While heterosexual couples can practice sodomy, it is not a virtual necessary result of the union. True, we could still allow marriages between lesbians, who have far fewer health issues, but I doubt this would be acceptable for the homosexual rights activists.

cl said...

Victor,

"So, either the state is wrong and needs to tighten the requirements for marriage license to fit with the covenants God has laid down, or else the Church has to face the fact that the government may be justified in accepting as marriages relationships rooted in sin, for its own reasons, appealing to the separation of church and state. If you do that for heterosexual marriages that are rooted in sin, then even if you maintain that homosexuality is sinful, you can't infer directly from scriptural injunctions against homosexuality to the unacceptability of gay marriage."

EXACTLY. Thank you so much for making this point. This represents my views to a tee.

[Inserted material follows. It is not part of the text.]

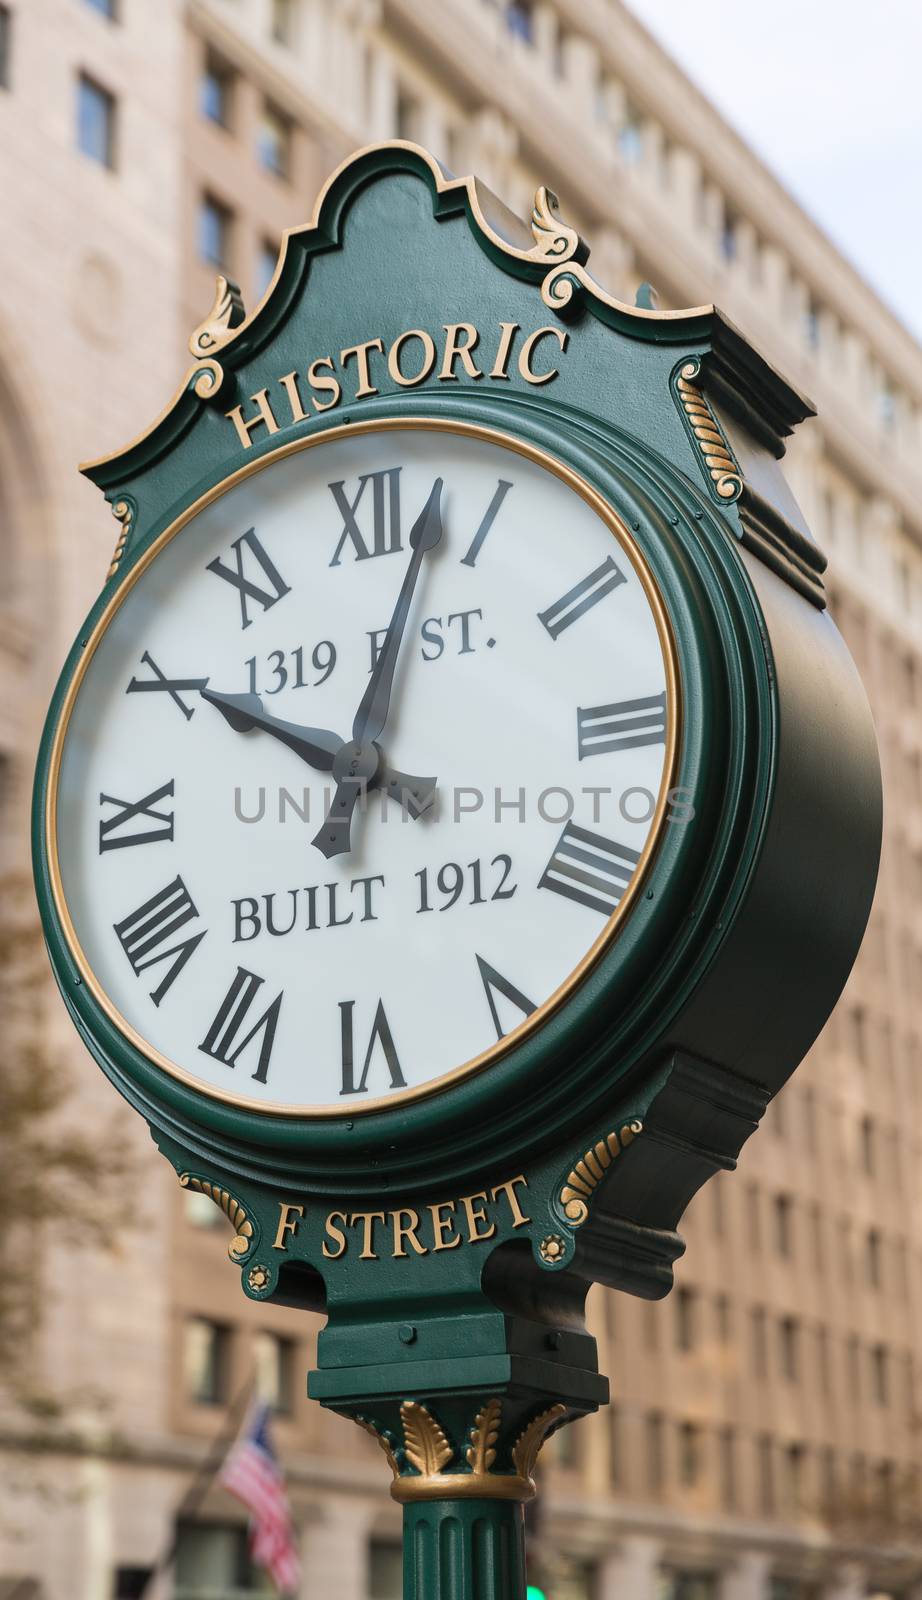 Historic F Street Clock in Washington DC by chrisukphoto

I tried getting Crude to understand this point in the discussion at my place, but I'm not sure whether it came through. To me, that Christians aren't equally up-in-arms about "divorcee marriage" is cause for concern.

Although, Crude's response was along the lines that divorcee marriage isn't front and center in the culture wars, and I think that has some merit. Still, the disproportionate Christian attention given to gay marriage suggests to me that there is a strong undercurrent of bigotry and judgment going on here.

Crude said...

Over the next two weeks, I plan to augment WK's list - I think it can be dramatically improved.

cl,

EXACTLY. Thank you so much for making this point. This represents my views to a tee. I tried getting Crude to understand this point in the discussion at my place, but I'm not sure whether it came through. To me, that Christians aren't equally up-in-arms about "divorcee marriage" is cause for concern.

There are reasons they're not up in arms over that right now.

First: that is radically more difficult for the state to even be aware of. How do you know a given marriage "began adulterously"? How do you know the involved couple weren't penitent over their adultery? How do you know the marriage was valid (not legally, but religiously) to begin with?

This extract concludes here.